No it's entirely plausible that hiring then was the right decision and firing now is the right decision. There's no universal law that says you must hire people for eternity.
Facebook literally fired people they hired a week prior.
Why do you feel the urge to make excuses for managerial incompetence.
Like when you are a worker, they must be scruitinised to make sure they arent lazy or incompetent, but the day you get promoted to executive you gain godlike immunity from criticism
It’s not up to you to decide if what the management did is right or wrong, it’s up to the shareholders. They own the company and they appoint the management. If they make bad decisions it’s up to them to replace them.
They do it indirectly via the board of directors, they are the representatives of the shareholders (akin to a representative democracy). It is a common scenario for the shareholders to vote in a new board to replace the existing management.
Maybe. There aren't a whole lot of companies who need chip designers (well, who are hiring chip designers; I imagine one could make the case that there are companies out there could do a better job with it).
The curse of being in a small industry (in terms of companies, not revenue). On the other hand, with AMD having a good couple years and multiple companies flirting with RISC-V, right now might be one of the better opportunities to find such a job.
AMD I am worried about, should they not embrace RISC-V, which so far they haven't shown signs of.
They could show up with a RISC-V for a new socket AM6, called Zen7, with x86 acceleration: An actual x86 mode to support legacy applications during the transition to the best and industry standard ISA.
Or they could, alternatively, fall into irrelevance on the CPU side. Which would be a waste.

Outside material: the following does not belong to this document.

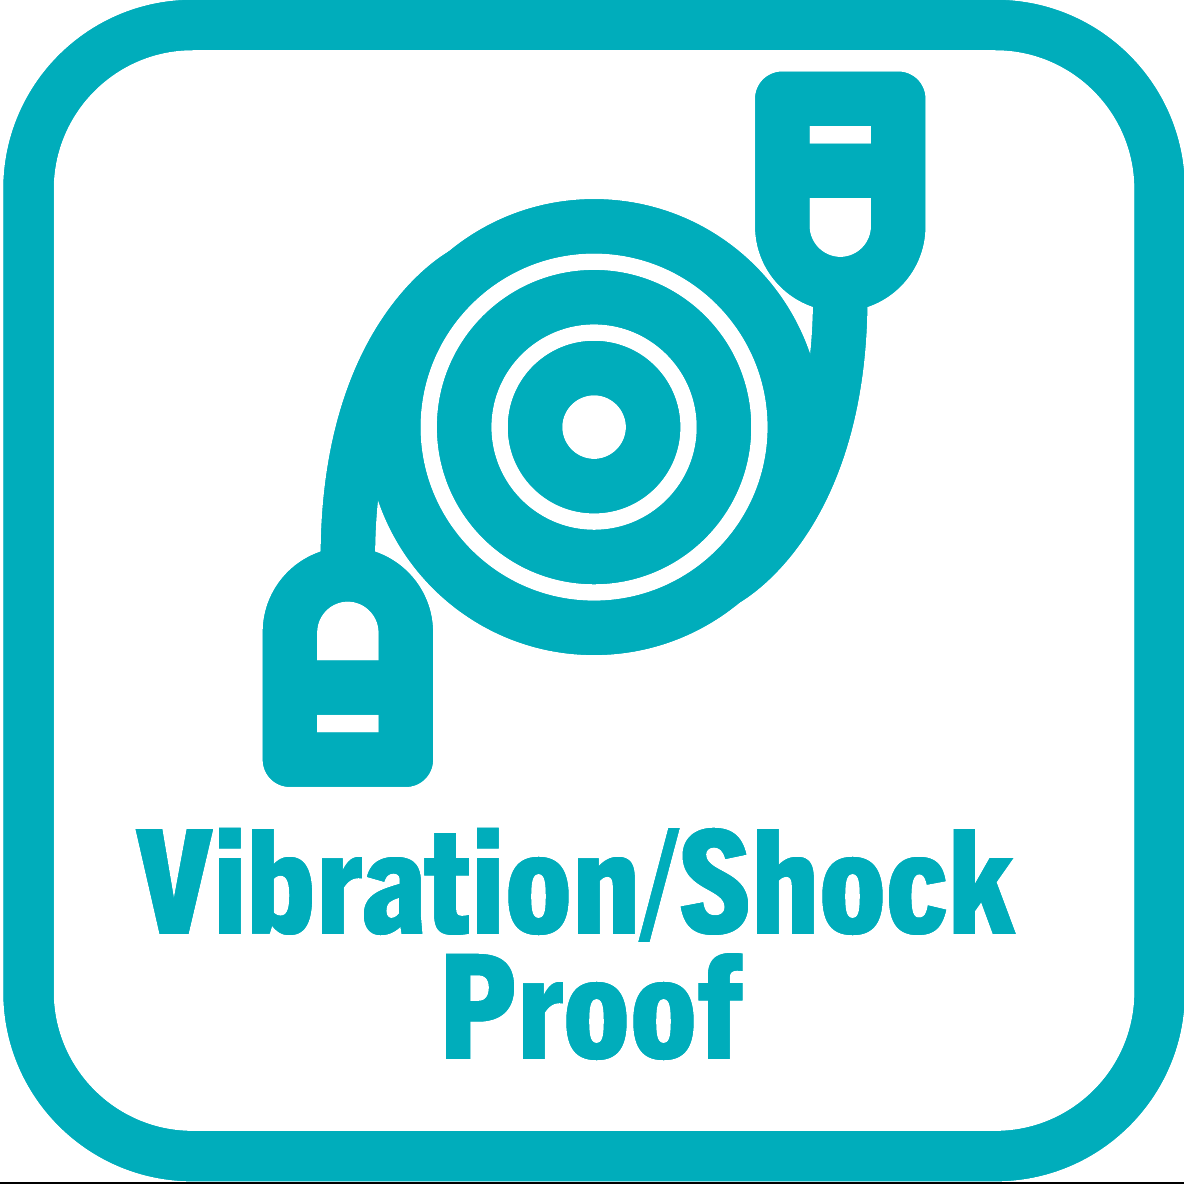 Vibration/Shock Proof

The term over which to maximize profit can be subjective. The present value of future profits is also subjective. I think the answer appears to be “follow then industry trends set by Serious People” and “pay consulting firms to justify the actions I want to take”
Corporations are supposed to what's best for the shareholders. Milton Friedman equated it to maximizing profit, but it's not necessarily so.
Even if you assume that the profit is the sole reason for the corporation, it's not clear laying off 20% worker would necessarily lead to maximizing shareholder profit in the following years (e.g., it could lead to stifled innovation, lower employee morale, etc).